Its true, and was achieved in the past, though the lottery company toughened up, it looks like they got their system figured out again.. oh well, looks tough, but its actually easy.  Cant wait to see him explain how he did it, though, now thats the hard part


----------



## pheonix (Sep 9, 2009)

It's mathematically possible to guess all the numbers correctly if you sat there for years mapping out all the numbers but honestly I think there's something else to this trick. I can't believe he did years upon years of work so fast. How long has he been working on his prediction anyways? Smells fishy to me.


----------



## Hir (Sep 9, 2009)

pheonix said:


> How long has he been working on his prediction anyways?


I'll find all of that out on Friday. No doubt someone will put it up on YouTube.


----------



## pheonix (Sep 9, 2009)

DarkNoctus said:


> I'll find all of that out on Friday. No doubt someone will put it up on YouTube.



Why on Friday? does he have to come up with something that sounds plausible instead of just saying how right after he did it? That makes it smell even more fishy. Just like a magic trick, there's something there so simple but we just can't say what it is.


----------



## ElizabethAlexandraMary (Sep 9, 2009)

I'm entirely clueless as how this works. So I may be wrong. But I still wonder, next time, why not buy the fucking ticket instead of guessing numbers on live TV?


----------



## pheonix (Sep 9, 2009)

FrancisBlack said:


> I'm entirely clueless as how this works. So I may be wrong. But I still wonder, next time, why not buy the fucking ticket instead of guessing numbers on live TV?



Cause I guess he thinks if he doesn't get a ticket and guesses the number people will fall for his ploy easier.


----------



## Ilayas (Sep 9, 2009)

I'd like to point out that every time some one (anyone) wins the lottery they predicted the right numbers.  (if it's the type of lottery where you get to pick your numbers)


----------



## ElizabethAlexandraMary (Sep 9, 2009)

pheonix said:


> Cause I guess he thinks if he doesn't get a ticket and guesses the number people will fall for his ploy easier.


Wait what
I don't care about your fifteen seconds of internet fame, just get rich and let's be done with it.



Ilayas said:


> I'd like to point out that every time some one (anyone) wins the lottery they predicted the right numbers. (if it's the type of lottery where you get to pick your numbers)
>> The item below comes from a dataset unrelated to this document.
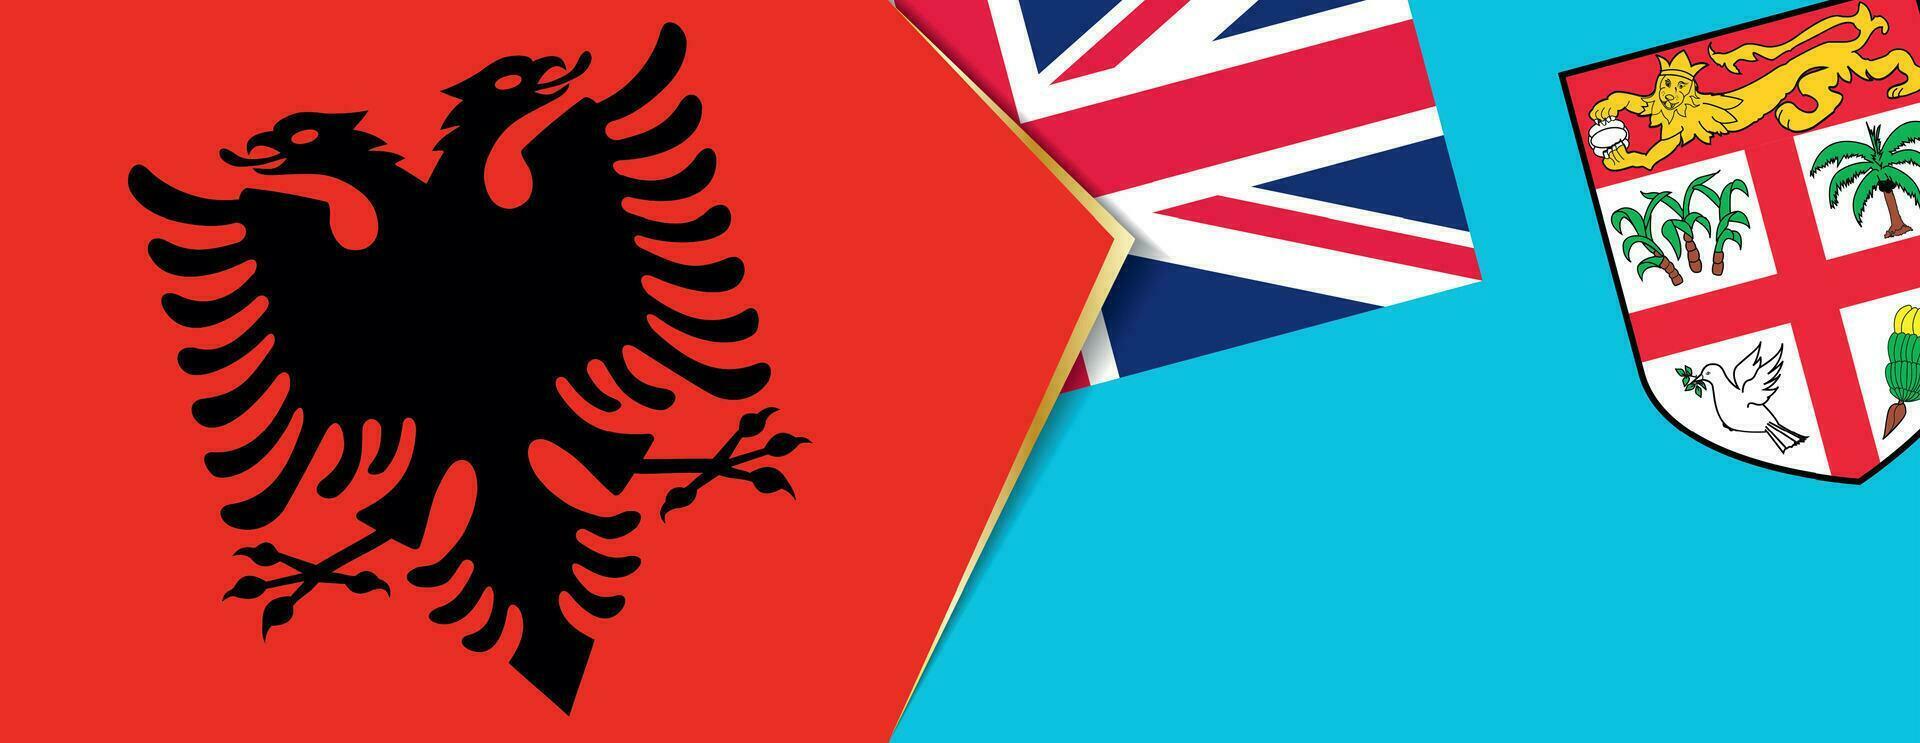 albania och fiji flaggor, två vektor flaggor.

 Win. Although I think I start to understand what you mean, now.


----------



## pheonix (Sep 9, 2009)

FrancisBlack said:


> Wait what
> I don't care about your fifteen seconds of internet fame, just get rich and let's be done with it.



I can't really say. Maybe he's already rich and happy, though hard to believe with human nature being surrounded by greed and all.


----------



## Jashwa (Sep 9, 2009)

Ilayas said:


> I'd like to point out that every time some one (anyone) wins the lottery they predicted the right numbers.  (if it's the type of lottery where you get to pick your numbers)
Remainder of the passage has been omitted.